Yeah, that some version of it was formed — right out of the box, there was some version of it was successful. It’s like our first album or our first single hit, so yeah, it was kinda awesome because I would never have thought that, “16 years from now, you’ll still be doing this.” But here we are.

You mentioned Get a Life being a litmus test for you years ago. What are some comedies either on TV or recent movies that you enjoy?

I like Eagleheart a lot. The new season of Eagleheart is great. I worked on it for a week as a consultant, but I was just watching those guys more than anything. They’ve really done something so amazing this year. So ambitious. Every episode is like a standalone movie. And I really love The Eric Andre Show. It just kills me. It’s so funny. And it’s got such a good spirit. It’s got prank-y stuff in it, which is not always my favorite stuff, [but] I feel like he doesn’t punish people with his pranks. He makes himself the worst person in the show. I love that show.

Did you have a hand in choosing Dave Hill to take over your timeslot, or was that just the station picking him?

No, that was the station talking to him, and they agreed on that.

Do you plan on doing his show once it gets rolling?

Honestly, I have no idea. It has absolutely nothing to do with Dave Hill or anybody who would be doing that show. It’s just like, I’ve been at that place on and off since 1995. I need to just get my legs under me. I need to just take a step away from WFMU. Absolutely nothing personal about anything except for what I need for myself. It has nothing to do with the station or Dave or who’s hosting it or anything. I have some business I have to take care of that has been a long time coming.

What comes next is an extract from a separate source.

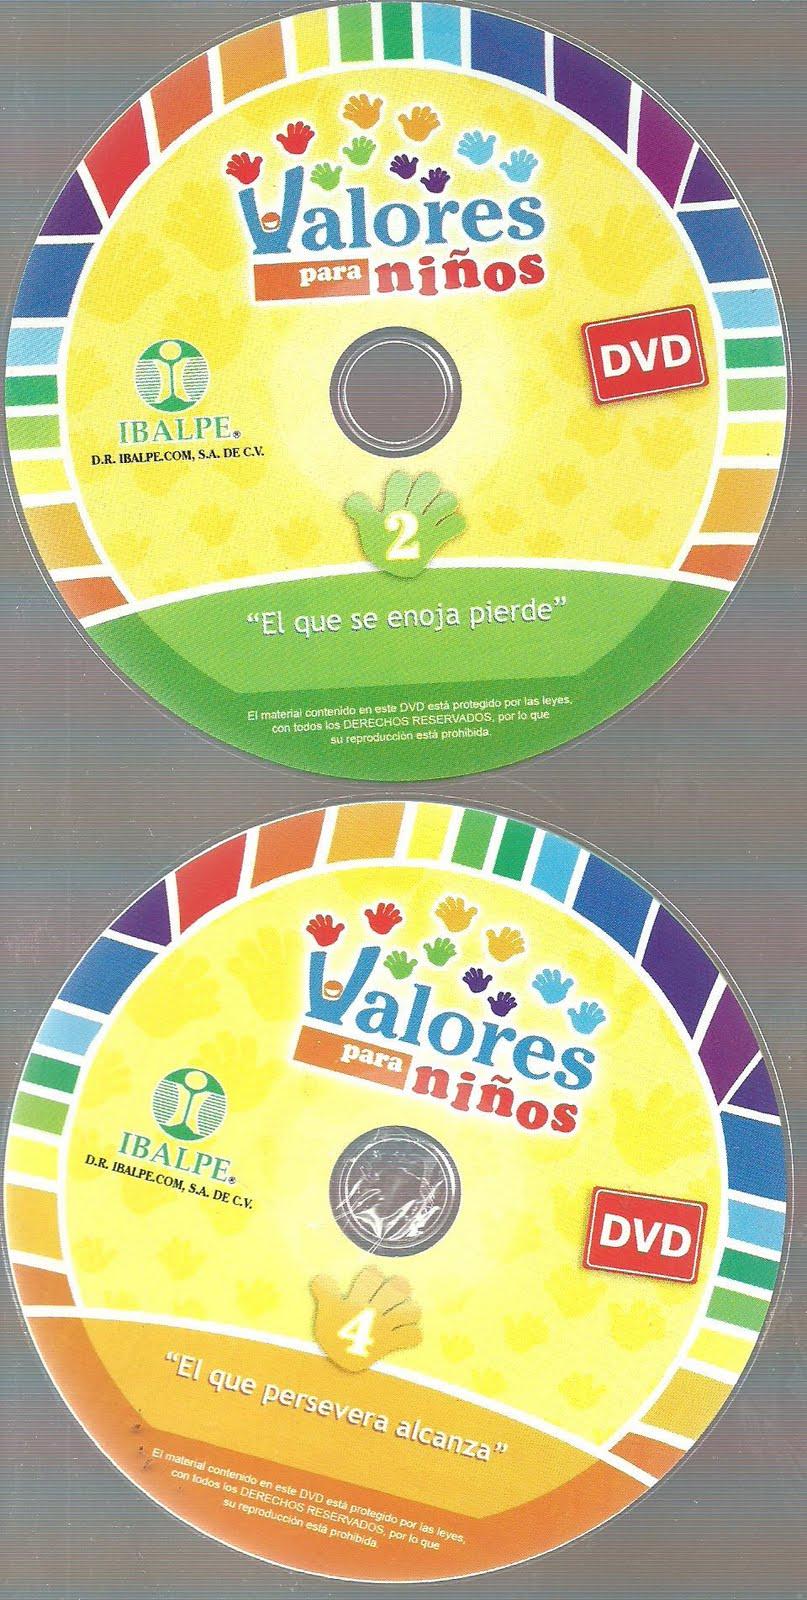 PROFESIONAL: LIBROS y DVDS : VALORES PARA NIÑOS (PREESCOLAR IBALPE

And that would be up to Dave also. I can’t invite myself onto Dave’s show. I also don’t want him to — he needs to build what he’s gonna build. I almost feel like if the shadow of The Best Show’s hanging over it, that’s almost gonna do him a disservice. He should do his own thing, and I know he will. He doesn’t need his thing to end up feeling like some hybrid thing where you’ve gotta still work with the elements of my show. I would hope he would just jump in headfirst and do his thing the way he would do it ‘cause that’ll be the best version of his show, if he’s just owning it and making it all him. People will all listen if you kinda do your own thing. It takes a little bit of time for people to get up to speed, but then they do. When I first started my show, nobody was knocking the door down for it, but then it grows and they get into it and they get onboard. That’s all. It really is his, and I just hope he feels free to do whatever he’s gonna do. That’s all.

What’s the thing you’re gonna miss most about The Best Show?

I have really no idea, and hopefully, I miss none of it because I’m just figuring out some way to do a version of what we’ve been doing that makes me happy and can have a chance to make a little bit of money. I really don’t know. I’m not a sentimental person at all with stuff. I’m always looking forward, and I’m really looking forward now, seeing what 2014 is gonna be. I hope I miss none of it, really. Look, it was something that will never happen again in my life — not to mention at all.

It was really special, and I think it’ll always be special no matter what the next thing that we do is. But I’m the one that’s still gotta figure out what that next thing is; I don’t have time to just sit and stare at what happens. Its like, we’ll figure something out. I’ve always thought of it — at the risk of sounding jerky — it’s like, we are the show. It’s not the microphones or not that studio; that wasn’t the show. Wherever we are, that’s where the show is. That’s what I want to focus on: getting the next version of the show going, in whatever form it happens.